As with classify, with no argument the webcam is deployed to obtain images and to detect objects in real time.

Demonstration

$ ml demo cvbp

Contributing

This project welcomes contributions and suggestions. Most contributions require you to agree to a Contributor License Agreement (CLA) declaring that you have the right to, and actually do, grant us the rights to use your contribution. For details, visit https://cla.opensource.microsoft.com.

When you submit a pull request, a CLA bot will automatically determine whether you need to provide a CLA and decorate the PR appropriately (e.g., status check, comment). Simply follow the instructions provided by the bot. You will only need to do this once across all repos using our CLA.

This project has adopted the Microsoft Open Source Code of Conduct.

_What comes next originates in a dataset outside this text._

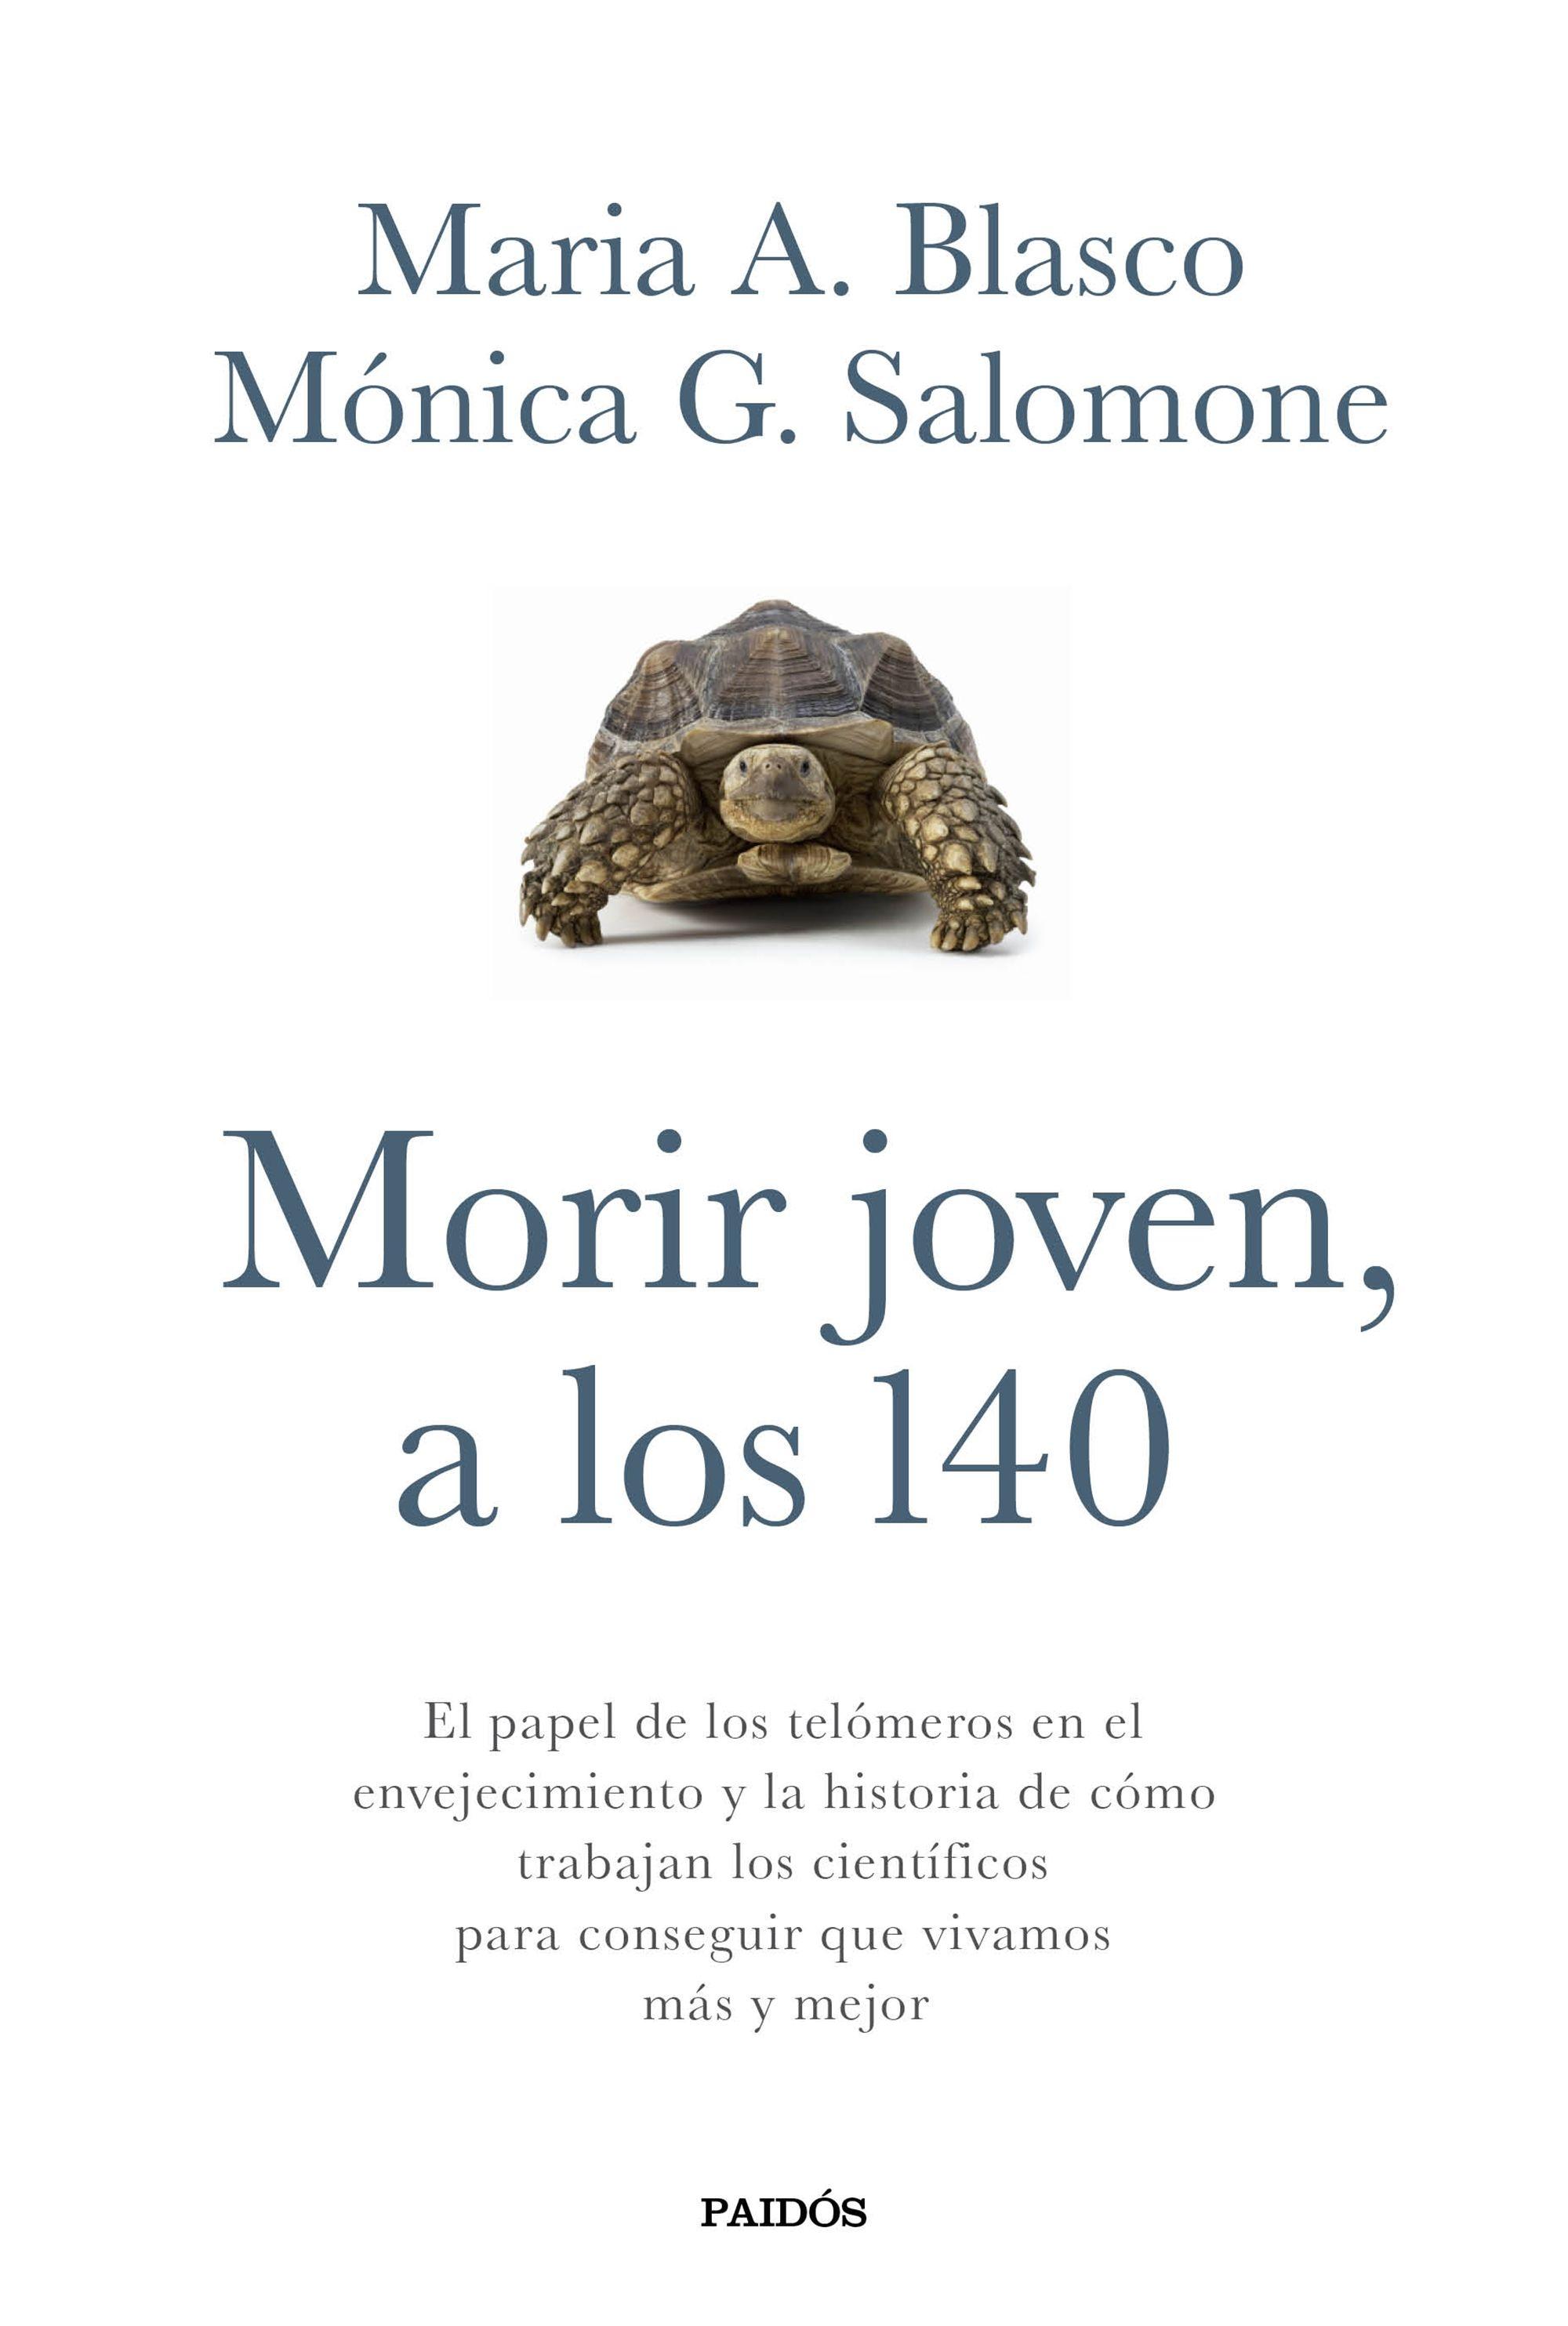 MORIR JOVEN, A LOS 140 "EL PAPEL DE LOS TELÓMEROS EN EL ENVEJECIMIENTO Y LA HISTORIA DE CÓMO TRA".

For more information see the Code of Conduct FAQ or contact opencode@microsoft.com with any additional questions or comments.

Legal Notices

Microsoft and any contributors grant you a license to the Microsoft documentation and other content in this repository under the Creative Commons Attribution 4.0 International Public License, see the LICENSE file, and grant you a license to any code in the repository under the MIT License, see the LICENSE-CODE file.

Microsoft, Windows, Microsoft Azure and/or other Microsoft products and services referenced in the documentation may be either trademarks or registered trademarks of Microsoft in the United States and/or other countries. The licenses for this project do not grant you rights to use any Microsoft names, logos, or trademarks. Microsoft's general trademark guidelines can be found at http://go.microsoft.com/fwlink/?LinkID=254653.

Privacy information can be found at https://privacy.microsoft.com/en-us/

Microsoft and any contributors reserve all other rights, whether under their respective copyrights, patents, or trademarks, whether by implication, estoppel or otherwise.